COMPARISON OF PREJUNCTIONALα‐ADRENOCEPTORS AT THE NEUROMUSCULAR JUNCTION WITH VASCULAR POSTJUNCTIONALα‐RECEPTORS IN CAT SKELETAL MUSCLE

1 Activation of pre‐junctional α‐adrenoceptors at the skeletal neuromuscular junction enhances acetylcholine release whereas activation of such receptors at autonomic nerve endings inhibits transmitter output. In the present study the characteristics of pre‐junctional α‐adrenoceptors at motor nerve terminals have been compared with post‐junctional (vascular) α‐adrenoceptors*in the cat hind limb. 2 Reversal of partial (‐I‐)‐tubocurarine blockade of contractions of the tibialis anterior muscle was used to monitor pre‐junctional activity and increases in hindlimb vascular resistance to assess post‐junctional actions at α‐adrenoceptors. 3 Responses to intra‐arterial injections of noradrenaline, adrenaline, phenylephrine, oxymetazoline, methoxamine and clonidine were monitored.
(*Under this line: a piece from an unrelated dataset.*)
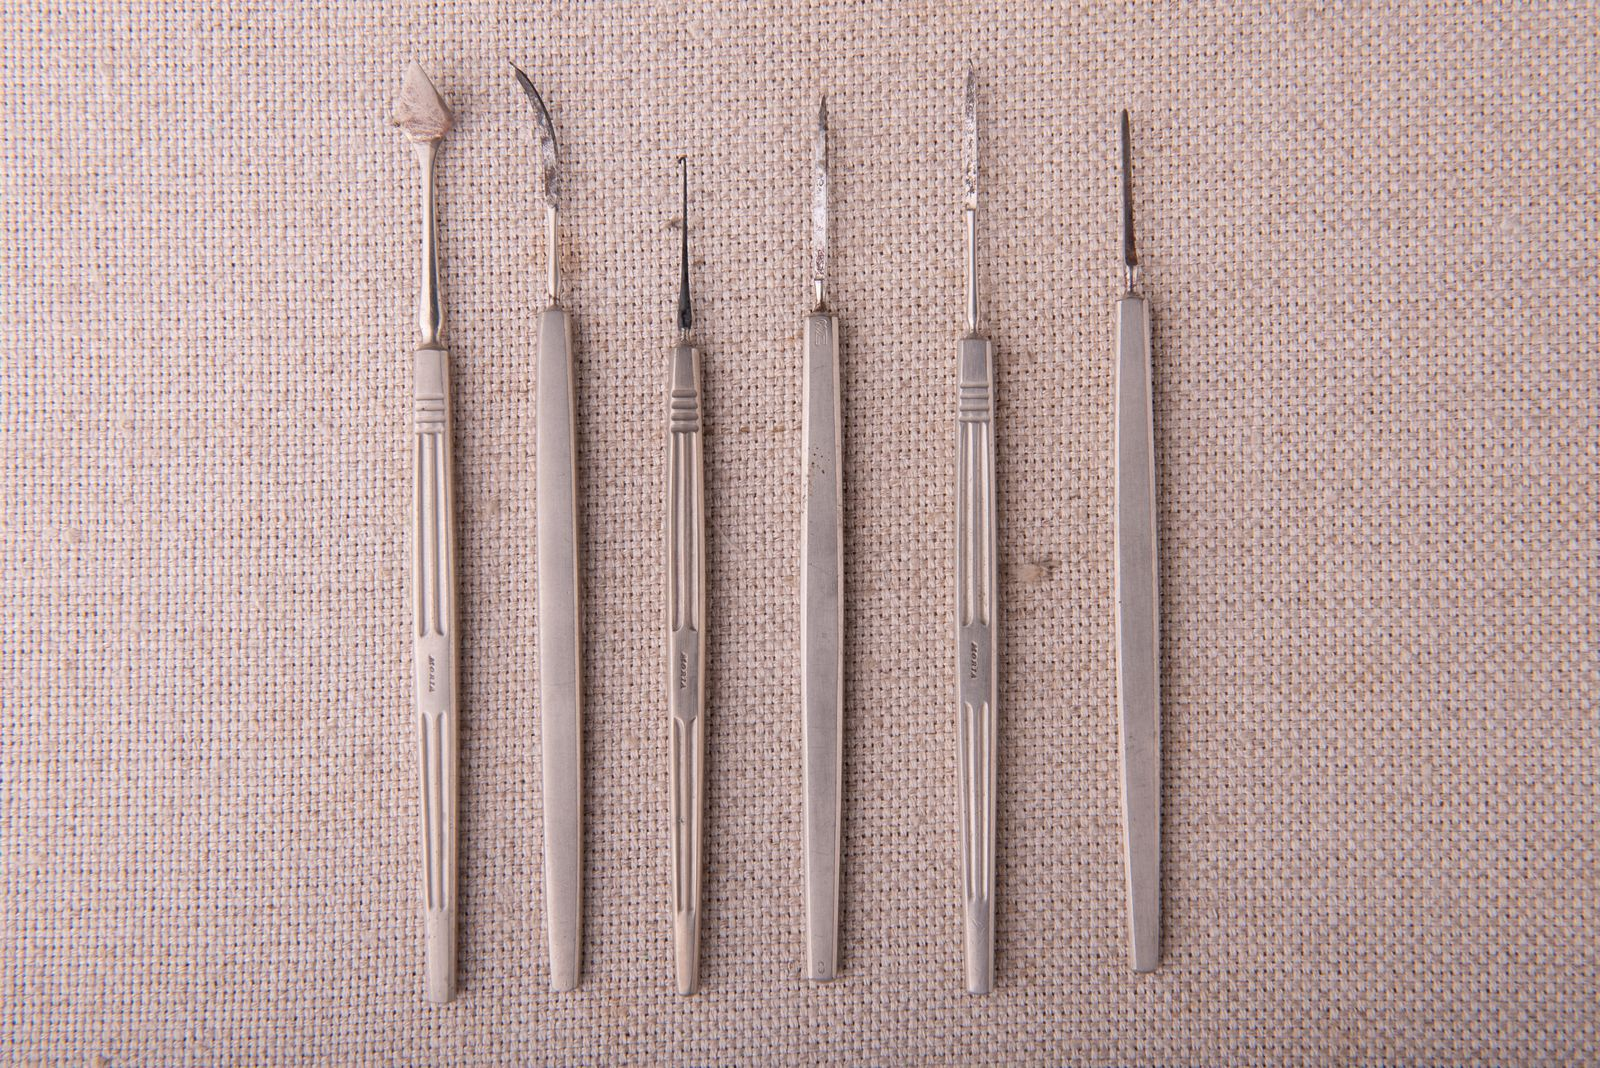 Muzei31_Офталмологичени скалпели и пика от средата на 20-ти век

Dose‐response lines for all the compounds except clonidine were parallel. The latter agent produced only weak and inconsistent effects. 4 Ratios of the doses of the agents required to produce pre‐ and post‐junctional effects indicated that oxymetazoline and adrenaline possessed some preferential activity at post‐junctional sites, whereas the remaining agents were non‐selective in their actions. If dose‐ratios with respect to noradrenaline were compared at the two sites none of the compounds possessed a marked degree of selectivity. 5 In the presence of phentolamine or tolazoline, dose‐response curves to the pre‐ and post‐junctional effects of phenylephrine were shifted to a similar extent. Thymoxamine showed preferential activity as a pre‐junctionalα‐receptor antagonist. 6 In comparing the results of this study with those of other authors, it is apparent that there are marked differences in the characteristics of pre‐junctionalα‐receptors at the skeletal neuromuscular junction and at autonomic nerve endings. The pre‐ and post‐junctionalα‐receptors in skeletal muscle show less divergence.